The pathogenesis of pouchitis remains uncertain, although many theories have been suggested. Current evidence suggests that the gut microbiota is a major factor in the aetiology of pouchitis [5]. This hypothesis is supported by clinical observations of the symptomatic effect of antibiotic treatment. However, after initial response to antibiotics, more than half of the patients have recurring episodes of pouchitis and about 5% of the patients develop chronic pouchitis [4,6]. Simultaneously, it is likely that there is an abnormal activation of the immune system in pouchitis, caused by yet unidentified factors.

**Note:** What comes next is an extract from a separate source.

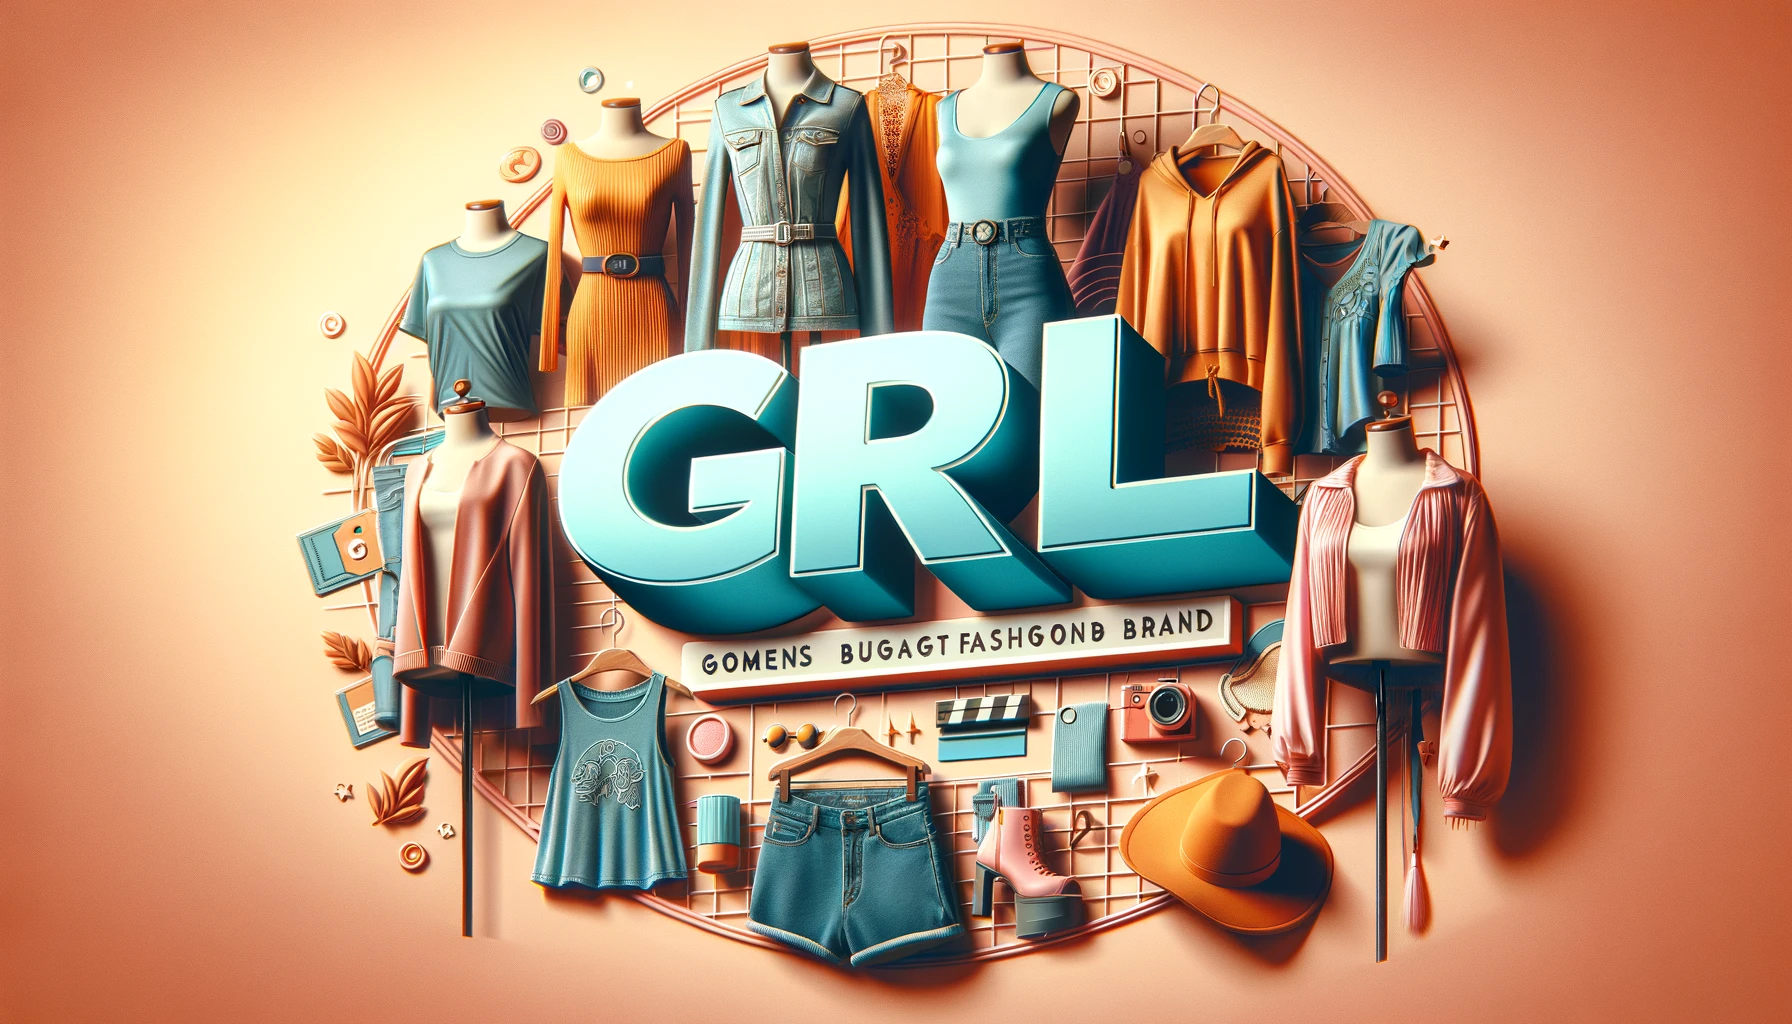 A stylish layout for a women's budget fashion brand named 'GRL' with a focus on product quality. The image features trendy and affordable clothing items displayed attractively, with visual elements representing high-quality materials and craftsmanship. Incorporate the word 'GRL' prominently in the design. The background should be vibrant and fashionable, reflecting the brand's appeal to young women. The image should be in a 16:9 aspect ratio.

The initial success of antibiotics in the treatment of pouchitis also indicates that gut bacteria is a likely trigger, activating the mucosal immune system [7].
Probiotics and faecal microbiota transplantation have been found to decrease the rate of pouchitis, indicating that dysbiosis of the microbiota is an imperative factor [8,9,10]. However, direct evidence of the role of a dysbiotic microbiota in the pathogenesis of pouchitis is missing [11]. Studies investigating the composition of the bacteria in the gut are often based on traditional culture techniques, which will detect less than 50% of bacteria in the lumen depending on the culture medium and cultivation method [12]. Use of molecular techniques for DNA-based identification of the composition of the microbiota has provided researchers with the opportunity to evaluate the microbiota profile in the pouch more effectively [13].
The aim of our study was to determine the bacterial composition of inflamed and non-inflamed pouch microbiota and compare it to the microbiota of healthy individuals, using bacterial microbiota profiling.
2. Materials and Methods
2.1. Trial Design
Pouch patients and healthy individuals were included in a single-centre, cross-sectional study. A faecal sample was collected from all patients and healthy controls (HCs).
The primary endpoint was to determine the bacterial composition of pouch microbiota in inflamed and non-inflamed pouches by bacterial microbiota profiling. The secondary endpoint was to compare pouch microbiota to the microbiota of HCs.
2.2. Participants
Patients and HCs were recruited between November 2017 and June 2019 at the Department of Gastrointestinal Surgery, Aalborg University Hospital, Aalborg, Denmark. The participants were contacted by telephone for recruitment, or during outpatient visits.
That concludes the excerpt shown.